The Son of the Soil and “sausands” are not very friendly and he cannot continue forever being capable of telling the local Rhodas, “Mwana, mpereza Beelo erikifuuka”, which is another way of saying, “Rhoda, hand me a Beelo at the right temperature.” So he will either give in to thirst or return to the original Rhoda.
If he does not return because of thirst, he will return because of encountering things cooked in banana leaves or Luwambo. A man who was brought up on arrow roots has a throat that finds it difficult to understand things like matoke muwambo.
He cannot understand chicken luwambo. He certainly cannot understand goat luwambo. A man from the Slopes understands that a goat, and particularly its ribs, are supposed to taste charcoal fire and not to be wrapped like a baby in banana leaves. That is mistreating a goat and I am not going to sit around watching it happen.
You never know next time, they might decide to serve something called Bell Luwambo or Whispers Luwambo.


Considering that the Kaguta “sausands” are about to desert me, I have been looking around and thinking quite hard where to get a fresh supply.
Certainly, the first idea that has come to my head is to announce that I have an Investment, alias a Pajero, to marry off to the first man who can prove that he knows the language of “sausands.”
I had planned to head for a place called Mbarara where I had heard that fathers of young warriors wanting wives part with those long horned cows that look fit for the Slopes of Mount Kenya where I was born and brought up.
My only and big trouble is that there is another fellow here in Kasozi ka Kaloli who has been calling himself Baba Pajero.
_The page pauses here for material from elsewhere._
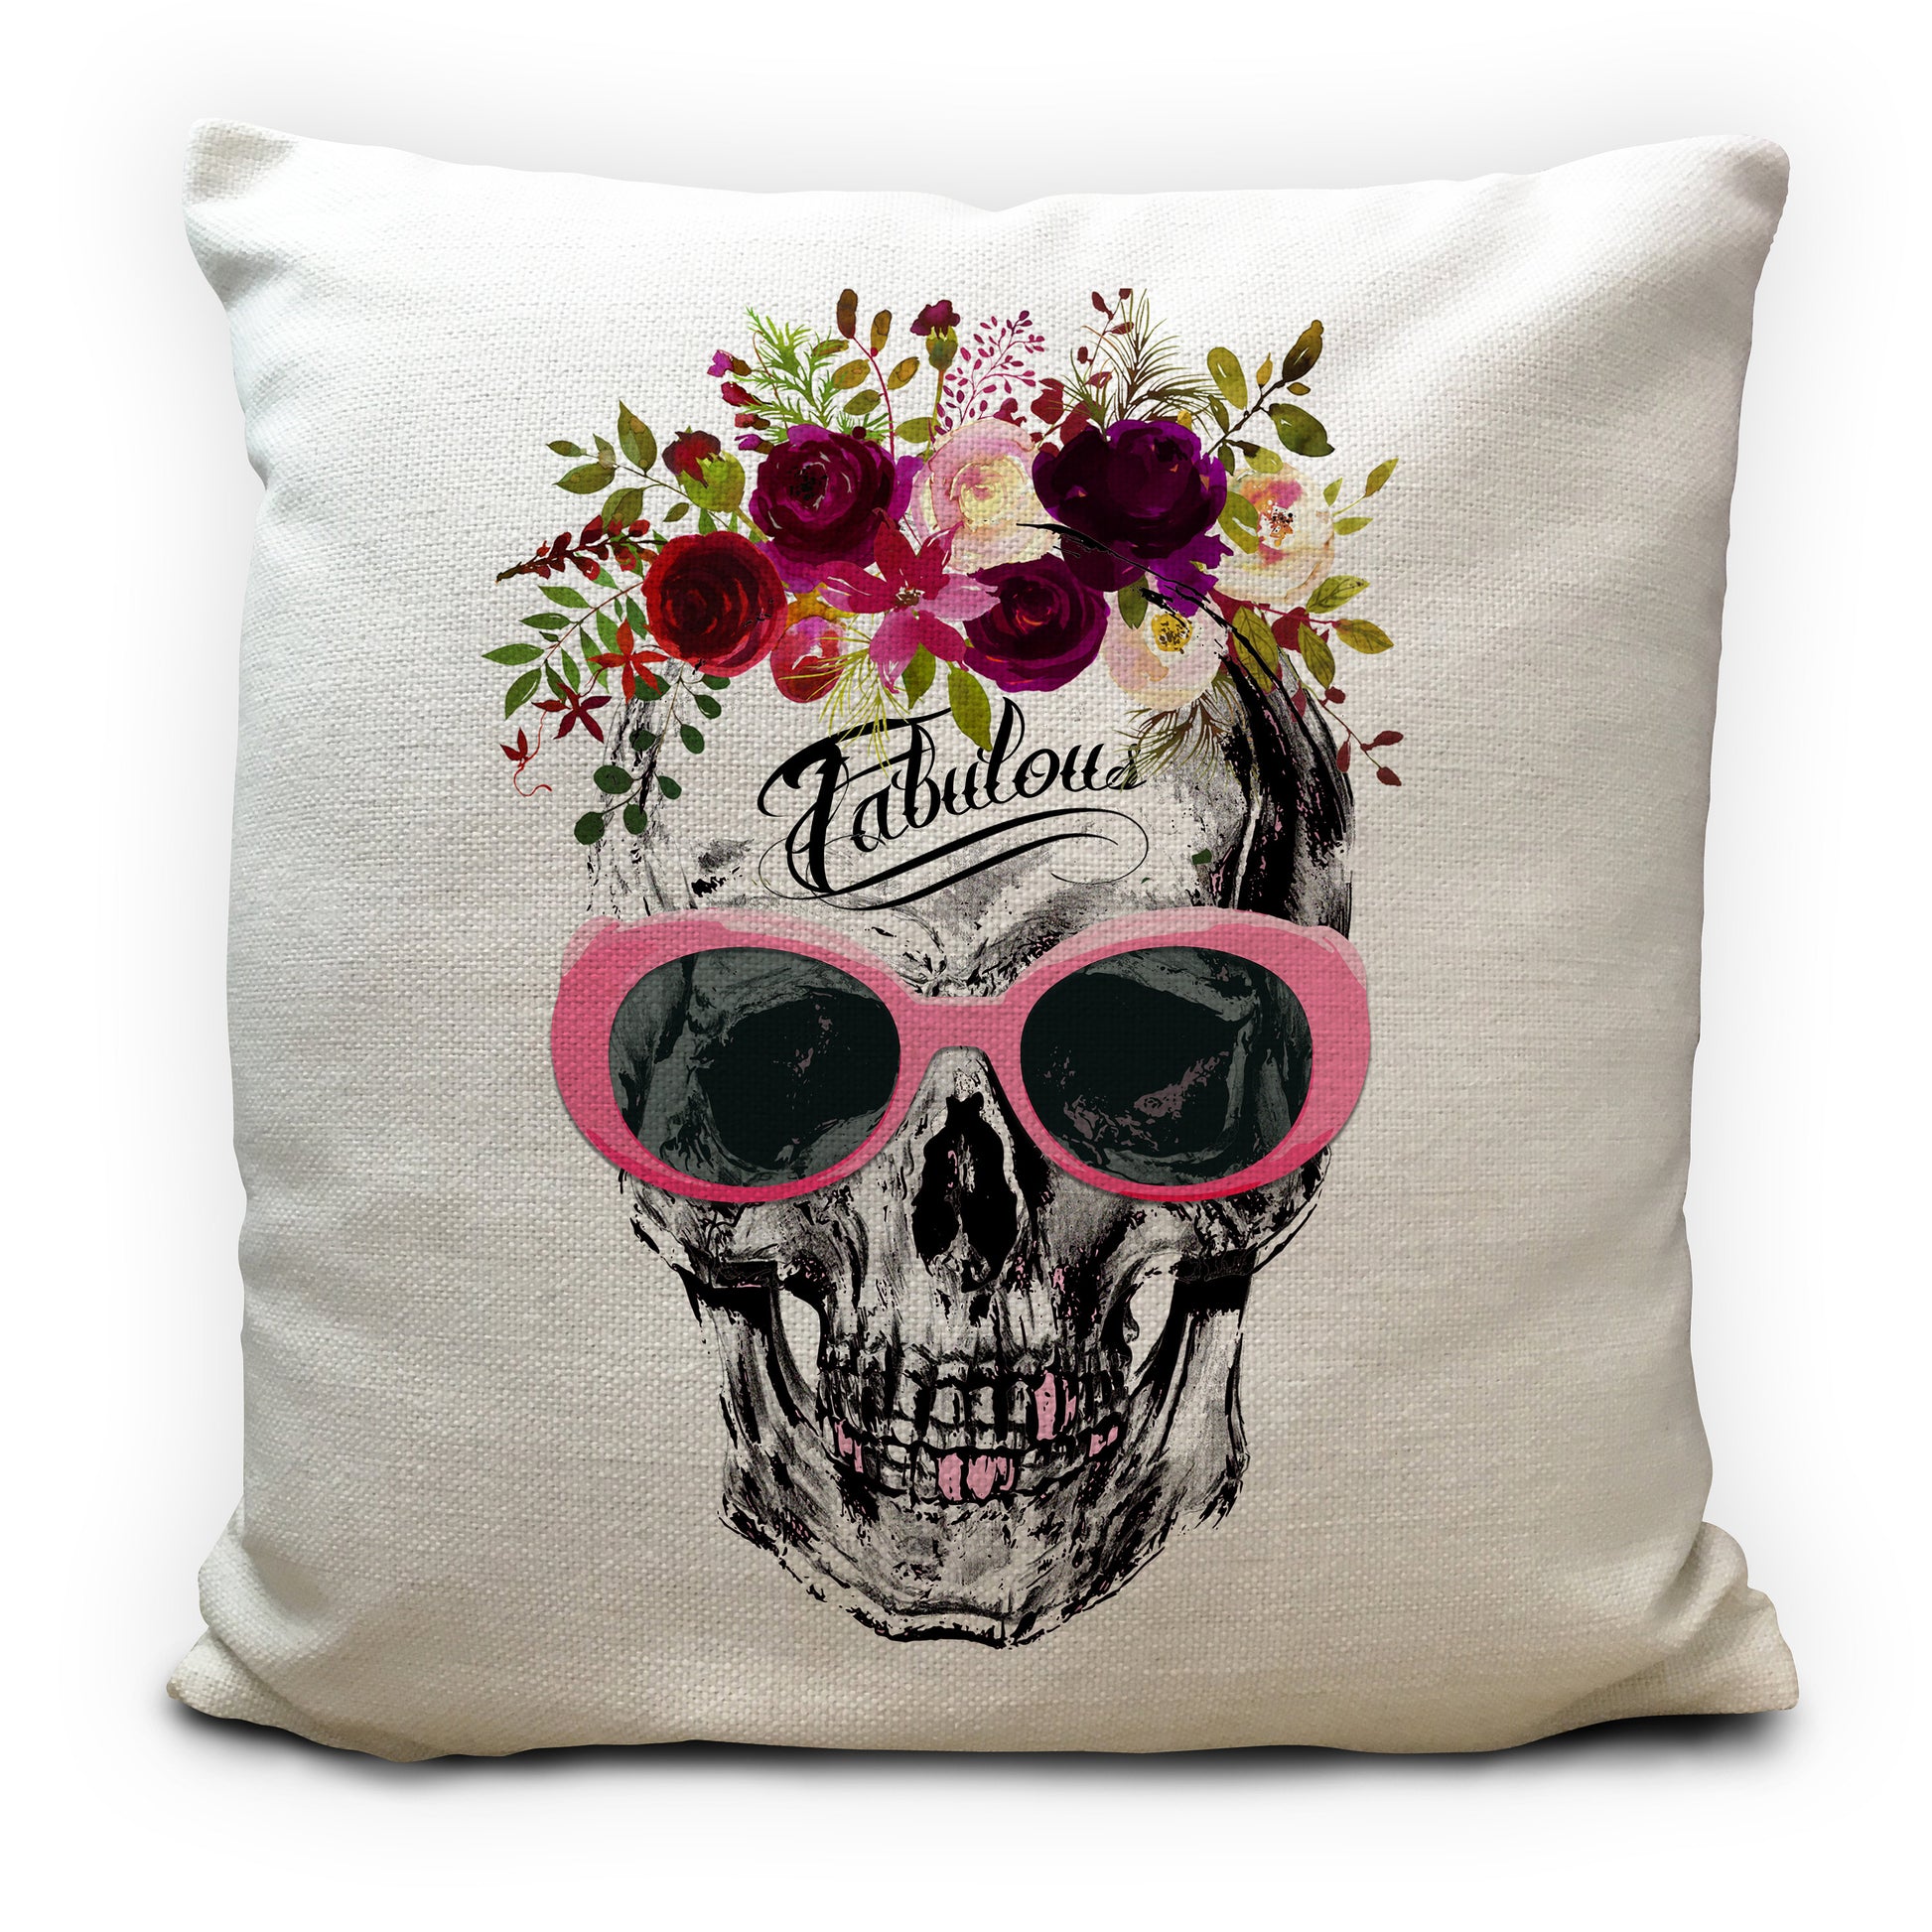 gothic skull cushion cover with sunglasses and flowers fabulous tattoo
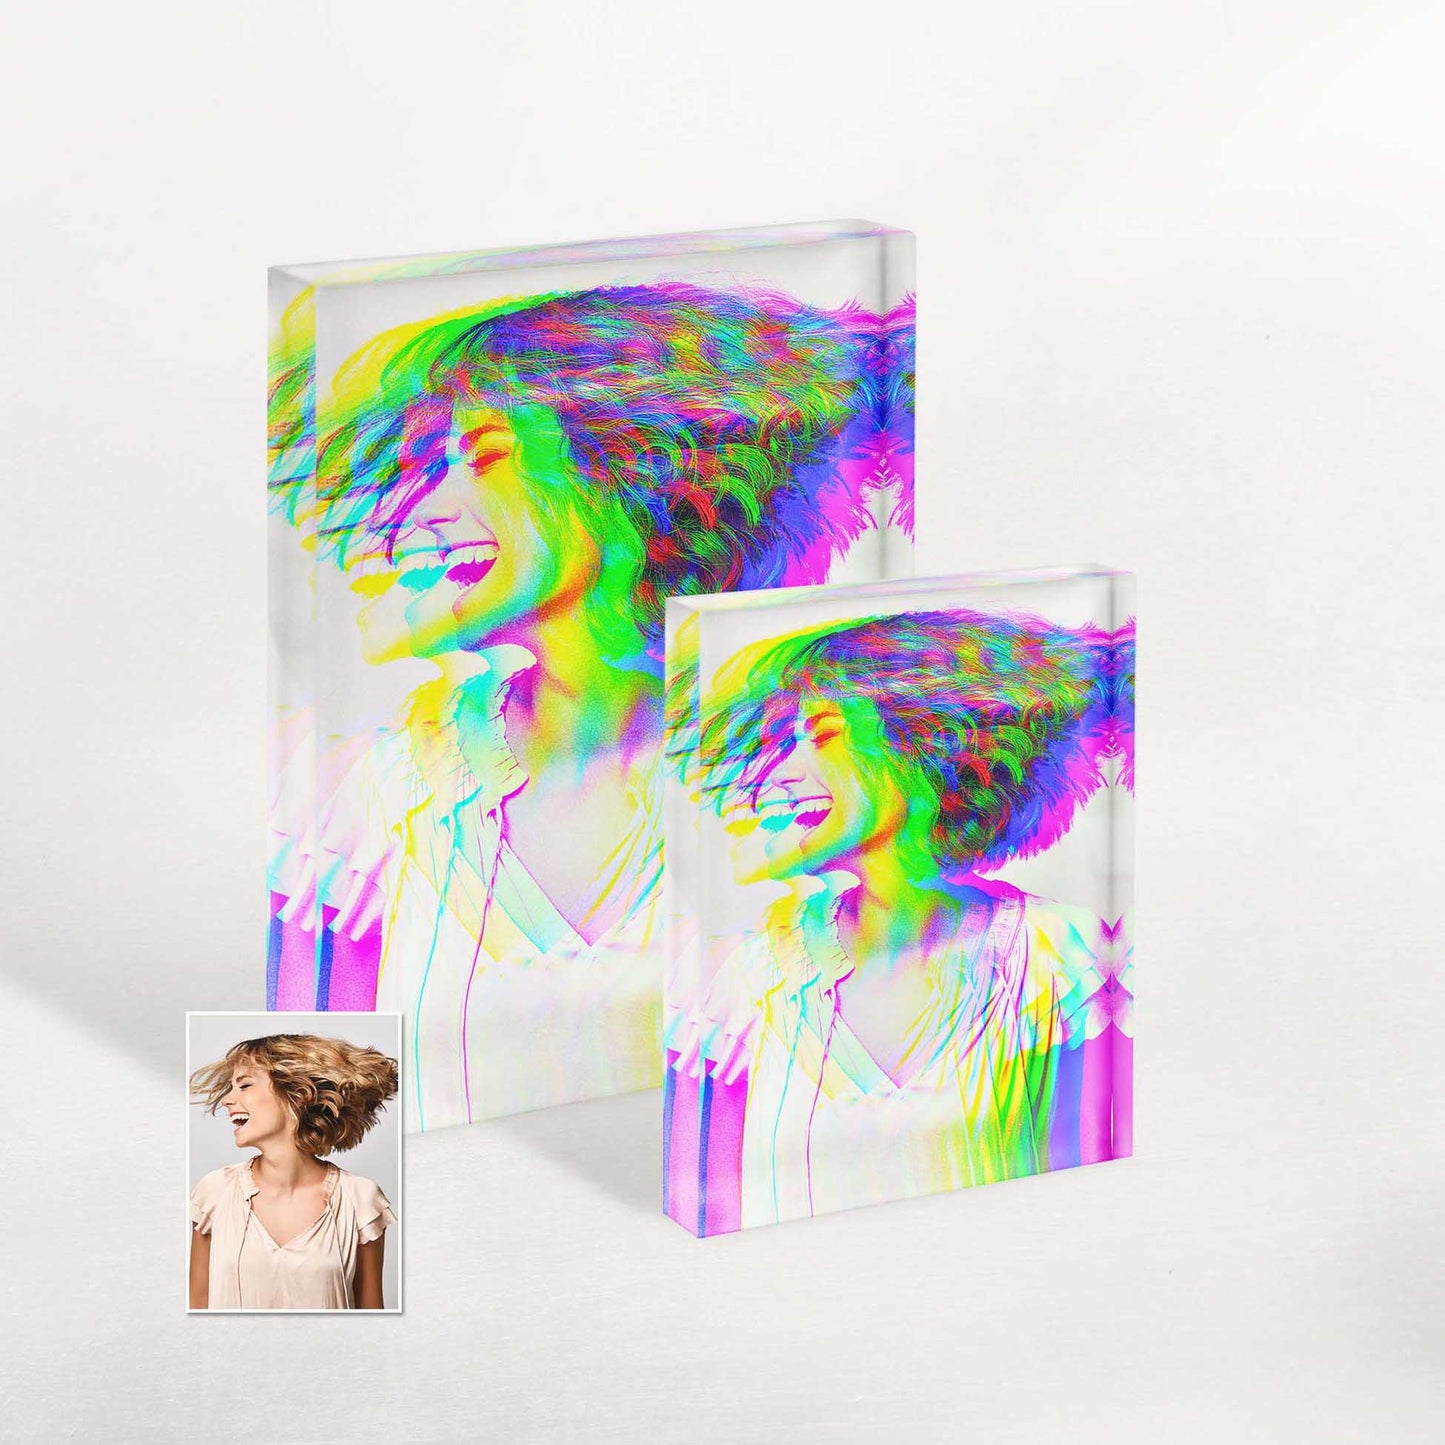 Experience the mesmerizing depth and stunning realism with our Personalized Anaglyph 3D Effect Acrylic Block Photo. Transform your cherished memories into an immersive work of art that adds a touch of uniqueness and creativity to your home

The fellow shall remain nameless but let it be known that he is also a third rate scribe like I am and therefore a wage earner.
He has been going round here telling everybody that he is the true Baba Pajero and that he has an Investment ready to go to an ambitious young man for quite some “sausands.”
He is saying that his Investment has features that say that she is a Nyankole and a Muganda, that is a hybrid of two sources of beauty.
A Nyankole skirt wearer normally borrows something from the cows in her country.


The horns are very long and so not to be beaten to it, they have long necks on which sit heads that are shaped like oranges. Their legs suggest that they are wearing two pairs of gumboots.
The skirt wearers from Buganda like wearing some long dress called busuti and when they do s0, they look as if they are carrying a whole bunch of bananas on their bottoms.
The whispers around here say that an Investment having a Mnyankole neck and a banana bunch load behind will get a young warrior before one that has Slopes of Mount Kenya blood, so I am being told that I have no chance of leaving this place with any dowry.
I therefore don’t think that I will leave here with any Ankole cows in the form of a dowry.
I have to do something though to get some “sausands” if I have to stay on in this country of everything Luwamho. Perhaps by next Sunday, I will have found something. Let us meet then in this third rate page and find out.